A Korean conducting Nielsen? It's a tribute to the all-around musicianship of the young Myung-whun Chung that he leads one of the most convincing versions ofSym. 3 after Bernstein's. The Danes have monopolized the Nielsen discography, with nods to Finland and Sweden, yet if you set Chung's "Espansiva" next to those from Berglund, Blomstedt, the recent Gilbert, and even the much-lauded Schonwandt, he finds more in the symphony's episodic moods than any of them. The whole work is permeated with a rare joy for a twentieth-century symphony, and Chung captures its bursting-at-the-seams jollity while knowing when to suddenly shift gears into tender, dreamy, and graceful music-making.
The album as a whole also makes for a satisfying all-Nielsen program.
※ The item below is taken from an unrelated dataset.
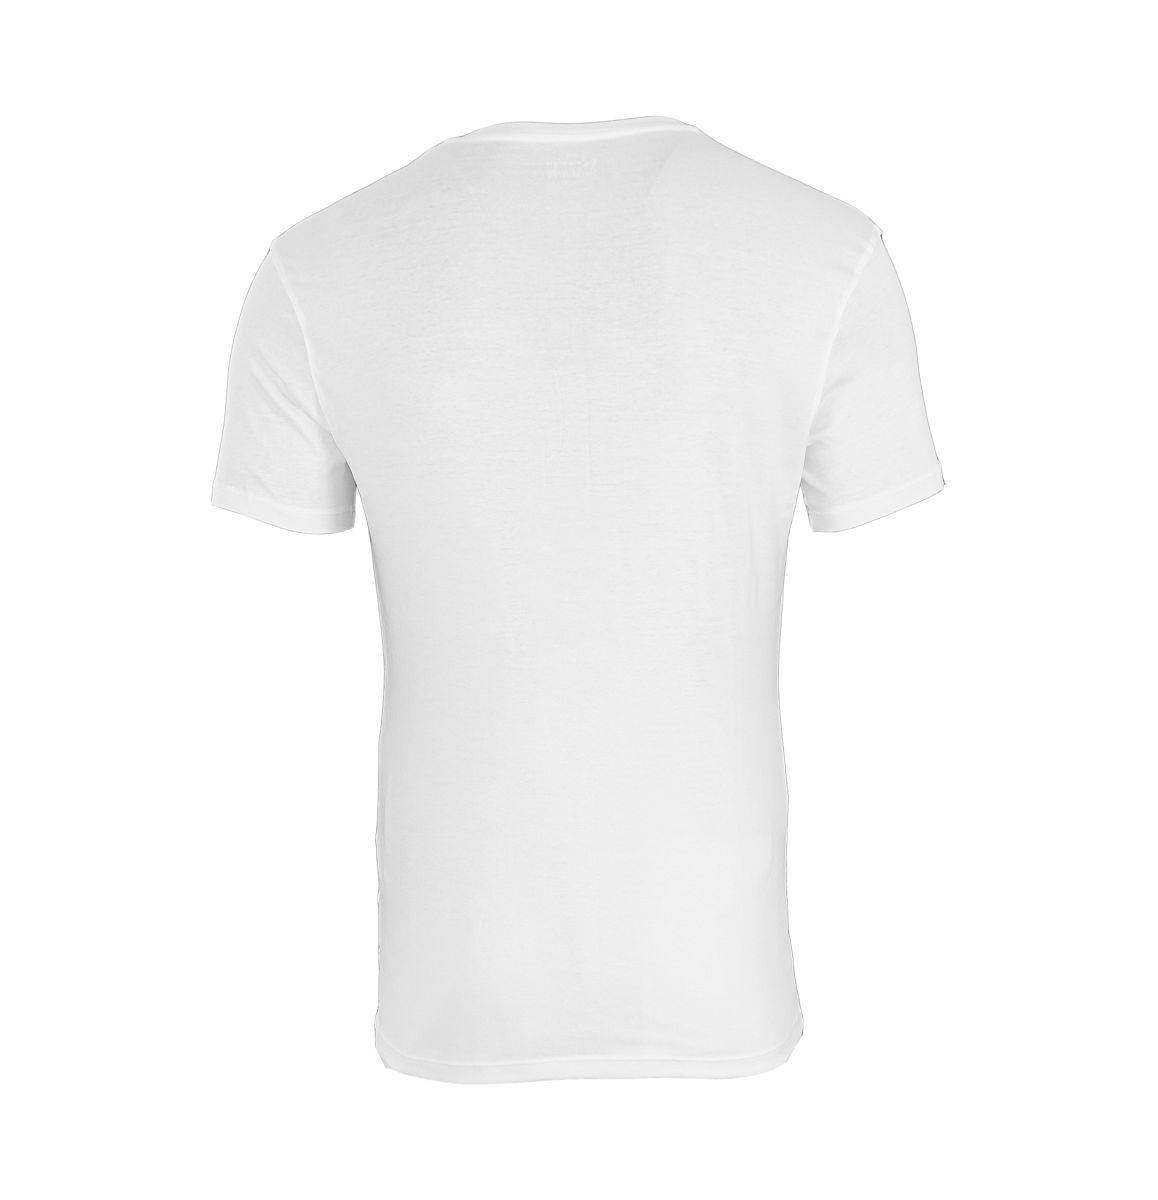 Calvin Klein T-Shirt Tee-Shirts CK16 U8321A V-Ausschnitt weiss

The overture to Nielsen's opera, Maskarade, should be played far more often. It's as rollicking as Ruslan and Ludmilla or Shostakovich's Festive Over., and Chung attacks it with exuberance. It's a drawback that the recorded sound, rare for BIS, is squeaky and out of balance, with the trumpets miked too close and the strings too far back. Nor is the Gothenburg orchestra, never one of my favorites, doing its best - this is pretty scrappy playing.
Things improve with the ebullient clarinet concerto, another work that should be played more often. Nielsen invented some new sounds for the instrument (such as a repeated deedle-deedle-deedle that's like a droll chortle), and he makes constant use of the snare drum, which is also prominent in the Fifth Sym It's too bad that the same melodic motif comes back too often, and there's more than a little aimlessness after the excellent first movement. Even so, clarinetist Olle Schill brings out the perky, mischievous side of the concerto better than anyone else I've heard.
The whole Chung cycle on BIS is worth exploring. He is a much underrated conductor on this side of the Atlantic, and he turns up with some surprising recordings outside his main repertoire, which is French.